I know that many people become very attached to their favourites, and may not agree with me that X needs more blue lotus or more myrrh… they love it just the way it is. So I am keeping 500mls of my original stock in the cool room for those that insist on staying true to their loves. Some fragrances have completely run out and I have decided not to repeat them. That decision rests on the fact that some particular fragrances existed because of an extraordinary batch of raw materials that have since proven to be so different (or unavailable) as to be unable to produce that fragrance in a satisfying way.
I’m working hard to consolidate and refine my entire collection into what I believe is the penultimate version of each and every fragrance and in far larger quantities – so that an incredible choir of fragrances stands in concert, where each and every singer has a powerful voice and absolutely sings in tune. Pitch perfect perfume.
I have added Batch number notifications on my website which also lists any additional notes or formula quantities that have been altered. That way people can contact me and request the exact same batch as the one they have and know so well. Or try the refined version.
I know from experience that many mainstream fragrances have changed and been degraded over time, losing key ingredients, losing longevity or potency. This is largely driven by accounts departments wanting to cut costs. It can be devastating to lose such an intimate companion on our life pathways, where our precious memories are made.
I promise faithfully, that never is a TRNP reformulation less-than. I have not decreased quantities of anything. I have increased the content of some of the more expensive ingredients. So, if the fragrance batch says altered formula, it means I’ve added more Mysore sandalwood or more Taif rose or more Tuberose to really feature that ingredient in the way I always really wanted it to shine. I have listed that change in the product descriptions on my website.

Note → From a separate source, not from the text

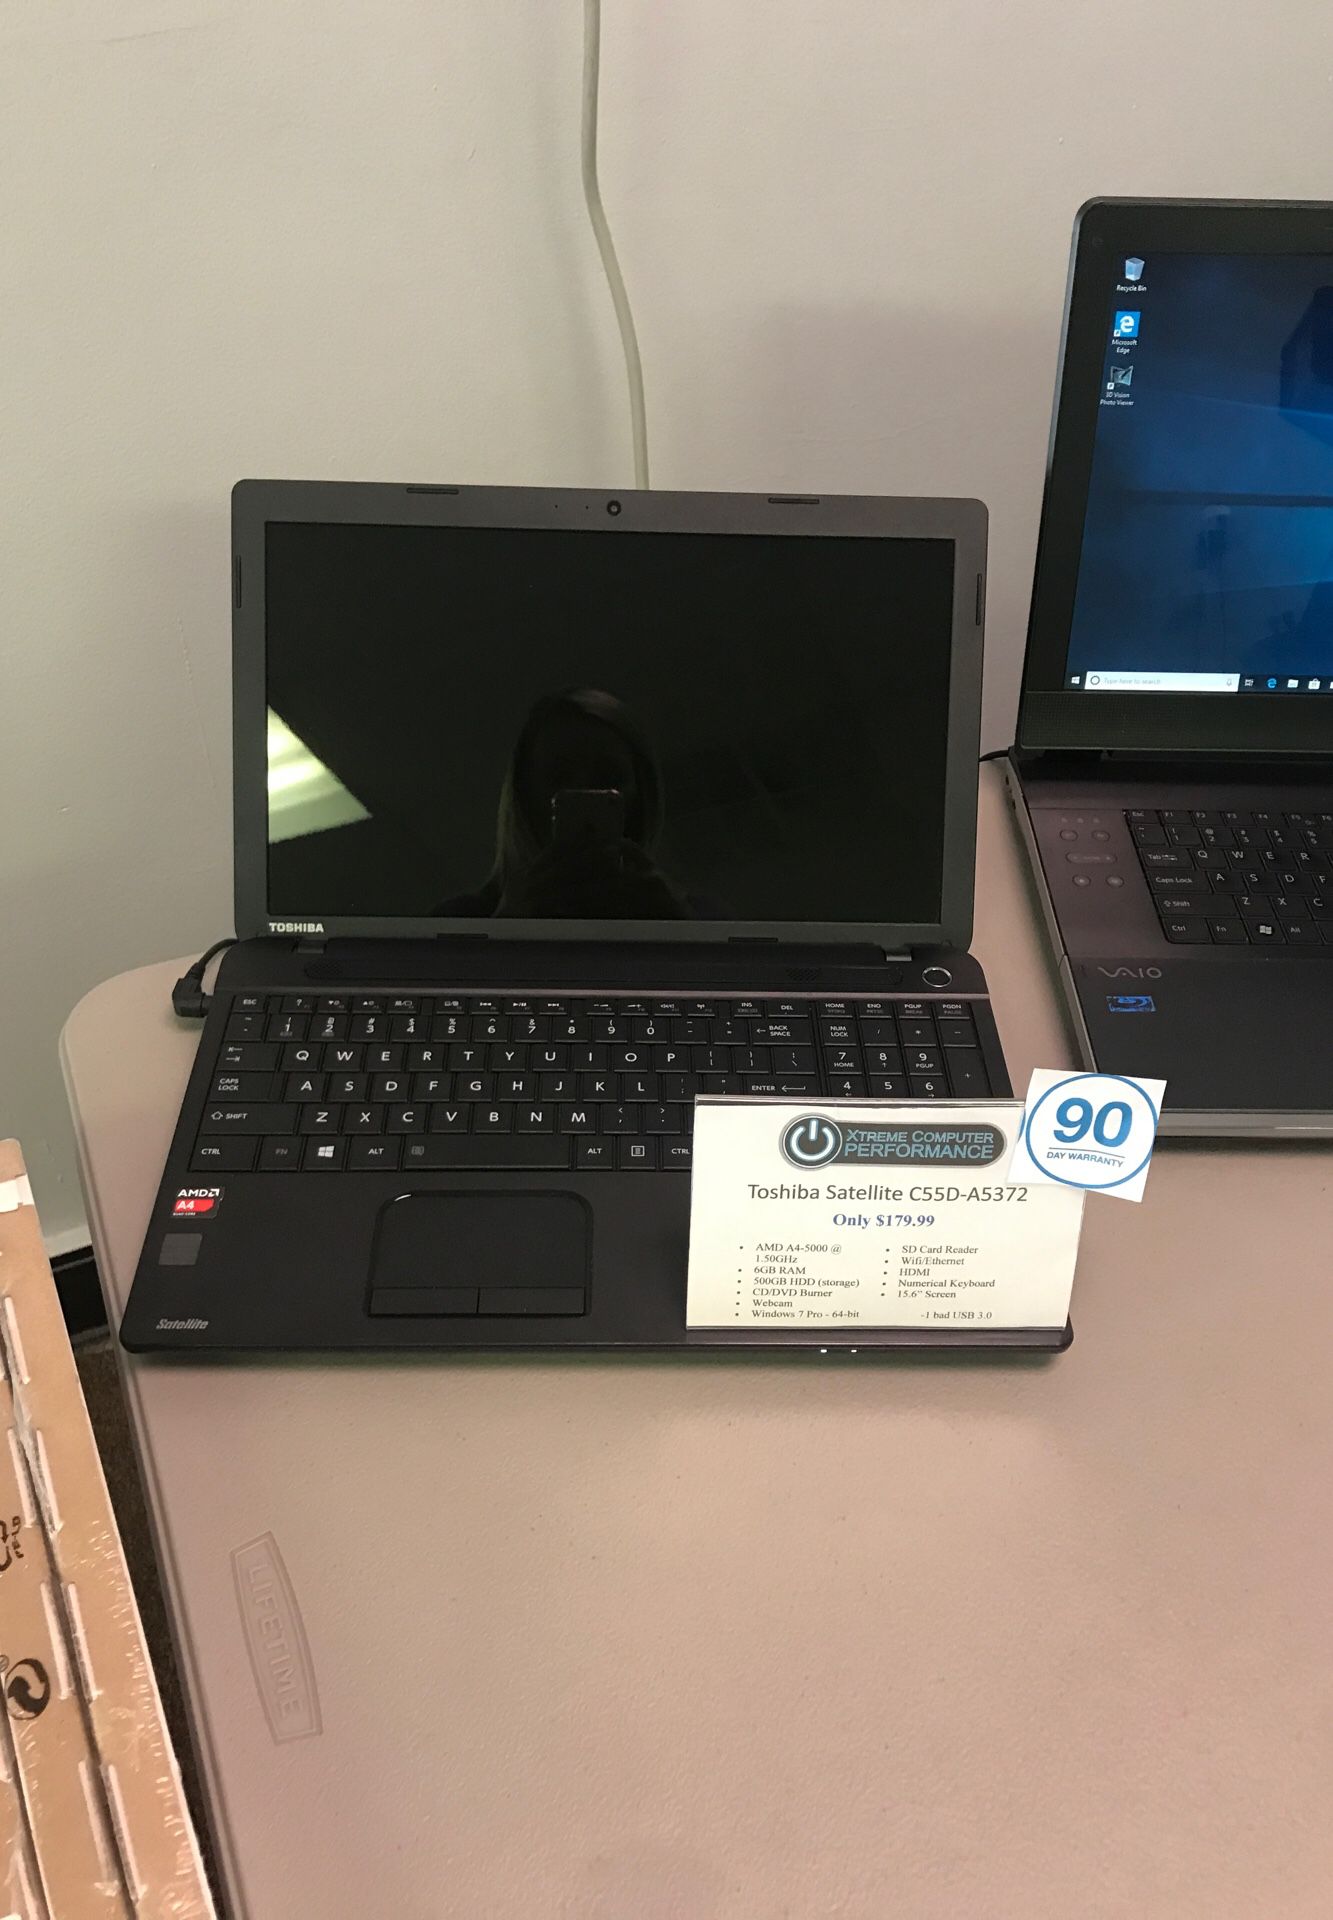 Toshiba laptop with warranty

Lastly, I just want to add that natural fragrances, over a period of time, mature and become stronger. The maceration process is an ongoing phase of evolution, as is experienced in fine wines, fortified wines and aged liquors. Certain notes may become more dominant or conversely, be overshadowed by the deeper base notes that take charge over time. At key stages of a fragrance’s development, I’m able to say – it’s time to add more jasmine to lift and sweeten the blend, as the chypre base has really deepened. This is the beauty of making artisan fragrances. The artistry evolves with the fragrance.